Bei der Industrie- und Handelskammern (IHK) in der Region Stuttgart gebe es keine Auffälligkeiten, hieß es. Zum Stichtag Ende Juli 2022 wurden 841 Ausbildungsverträge vorzeitig aufgelöst (plus 34 Prozent). Auch hier ist zu sehen: Im Vor-Corona-Jahr 2019 wurden mit 917 mehr Verträge vorzeitig gelöst. Viele Auflösungen gab es bei angehenden Fachkräften der Systemgastronomie, bei Fitness- sowie Immobilienkaufleuten.

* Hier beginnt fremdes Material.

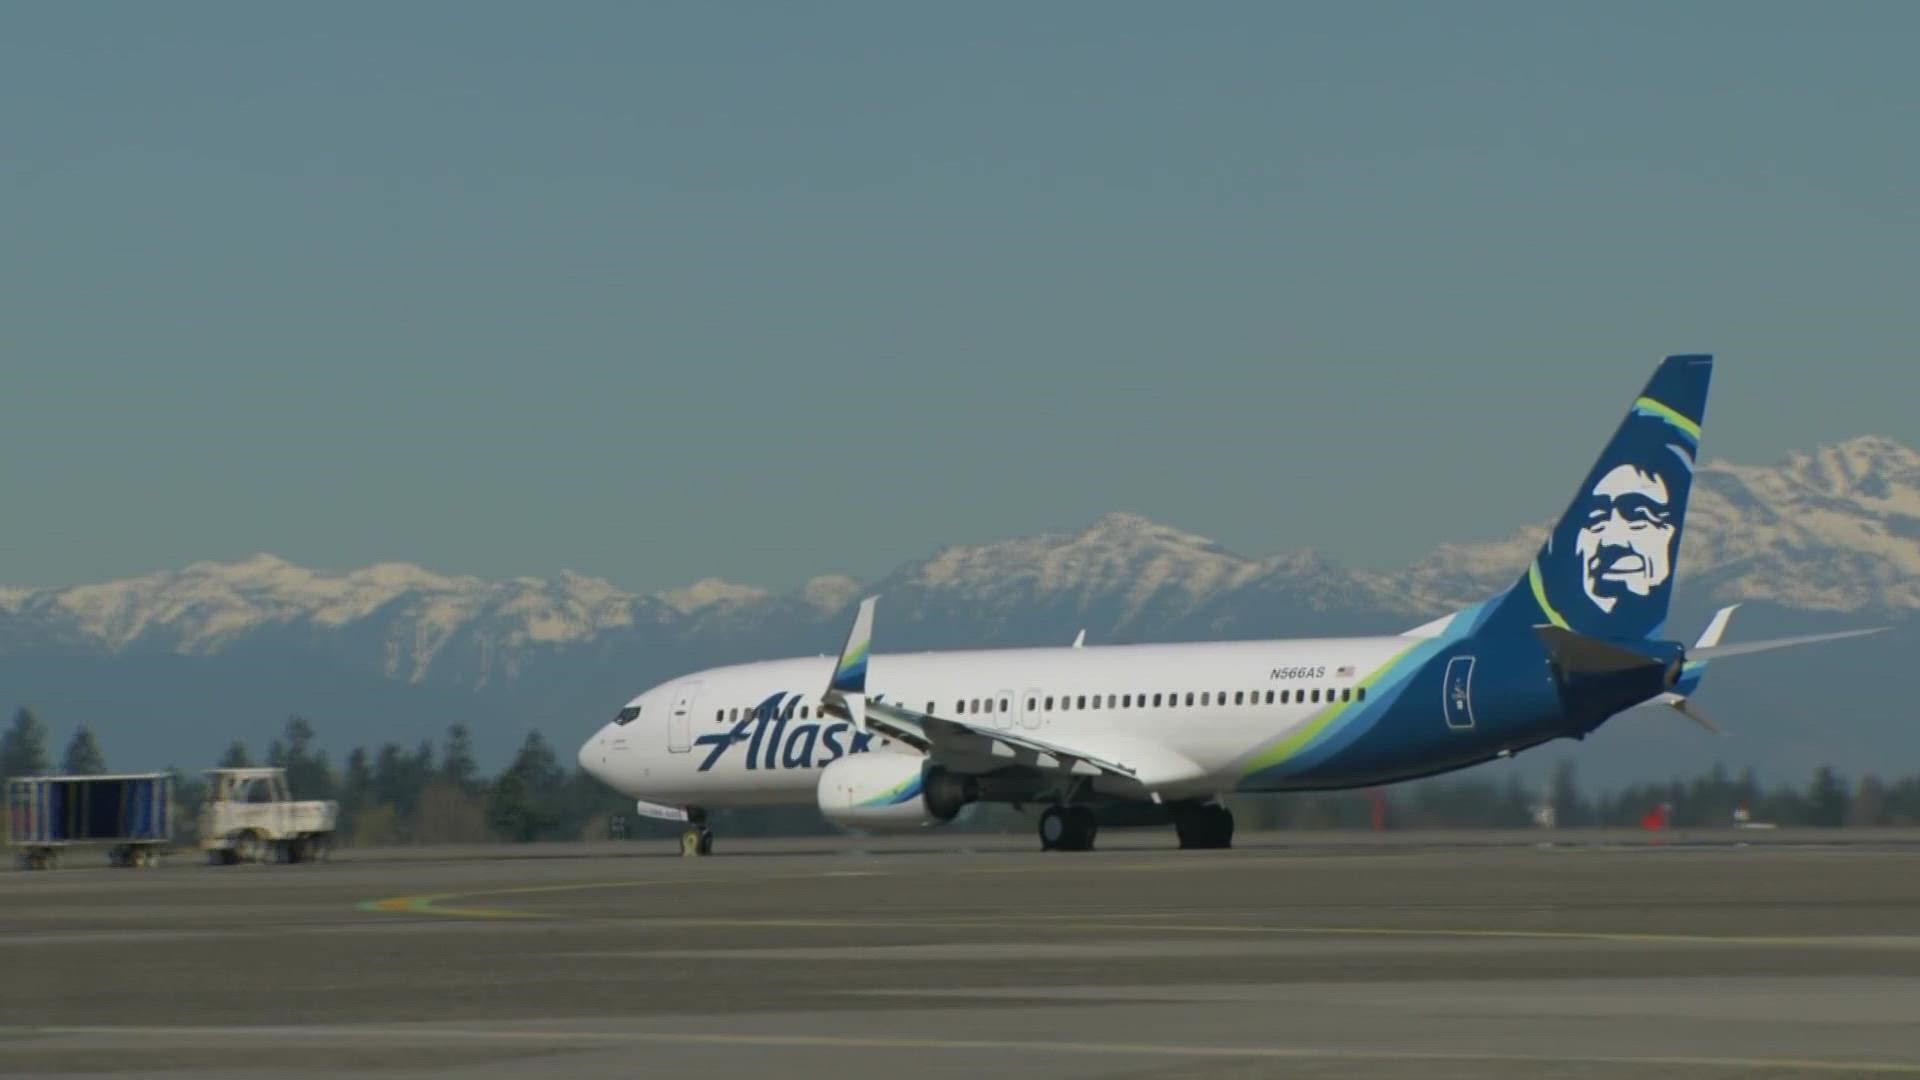 After canceling about 50 flights a day in recent months, Alaska Airlines CEO Ben Minicucci sent a video message to his employees and customers to apologize.

Beide Kammern weisen darauf hin, dass eine vorzeitige Vertragslösung nicht unbedingt einen Ausbildungsabbruch bedeute. Viele junge Leute wechselten den Betrieb oder Beruf – und setzten ihre Ausbildung fort. Wie viele die Ausbildung komplett abbrechen, erfassen die Kammern nicht. Diese Zahl kennt das Deutsche Institut für Altersvorsorge: Demnach brechen 15 Prozent die betriebliche Ausbildung ab und bleiben dauerhaft ohne Abschluss. Einen Zusammenhang mit Corona stellt das Institut nicht her.

Wie verliefen die Prüfungen?

Die Prüfungsergebnisse seien tendenziell stabil geblieben, sagte eine IHK-Sprecherin. „Wir stellen bisher keine signifikanten negativen Veränderungen der Prüfungsleistungen fest“, sagte die Sprecherin des Handwerkstags. IHK-Präsidentin Marjoke Breuning: „Die zwei zurückliegenden Coronajahre haben in der Ausbildung Spuren hinterlassen, aber für die Azubis gab es bei Qualität und Abschlüssen keine Nachteile oder Verschlechterungen.“ Häufig sei die Betreuung der Auszubildenden durch die Betriebe sogar noch intensiver und kreativer gewesen, fügt sie hinzu.

„In der beruflichen Ausbildung konnten die Schulen keine größeren Defizite feststellen, jedoch fehlte in einigen Dienstleistungsberufen praktische berufliche Routine“, heißt es beim Berufsschullehrerverband in Baden-Württemberg. Das habe an den Phasen der Lockdowns gelegen. In der Pflegeausbildung sei es wegen den physischen und psychischen Belastungen aber zu Ausbildungsabbrüchen gekommen. Die Prüfungsnoten haben sich nur wenig verschlechtert, so der Berufsschullehrerverband. Ausnahme: Sprachanfänger hätten schlechter abgeschnitten – was wohl am Lockdown liegt.

Allerdings hätten Azubis und Meisterschüler teilweise durchaus Bedarf an psychologischer Beratung und Unterstützung, hießt es beim Handwerkstag. Studierende im Südwesten bekämen eine Unterstützung – Wissenschaftsministerin Theresia Bauer stellt knapp eine Million Euro zur Verfügung. Auch das Handwerk mahnt im Sinne der Gleichbehandlung Hilfen an. Dies sieht das zuständige Wirtschaftsministerium nicht. Viele Auszubildende hätten auch während Phasen der Schulschließungen im Betrieb weiter soziale Kontakte gepflegt und Unterstützung erhalten, sagt ein Ministeriumssprecher.

Was sagen Forscher?

Die Berufsausbildung habe sich in der Krise bewährt, sagen die Experten vom Bundesinstitut für Berufsbildung (BIBB). 2020 – also dem ersten Coronajahr – sei es weder zu einem Anstieg der vorzeitigen Vertragslösungsquote noch zu einem Absinken der Erfolgsquote bei den Abschlussprüfungen gekommen. Auch der Anteil der erfolgreich bestandenen Abschlussprüfungen an allen Prüfungsteilnehmern sei stabil geblieben.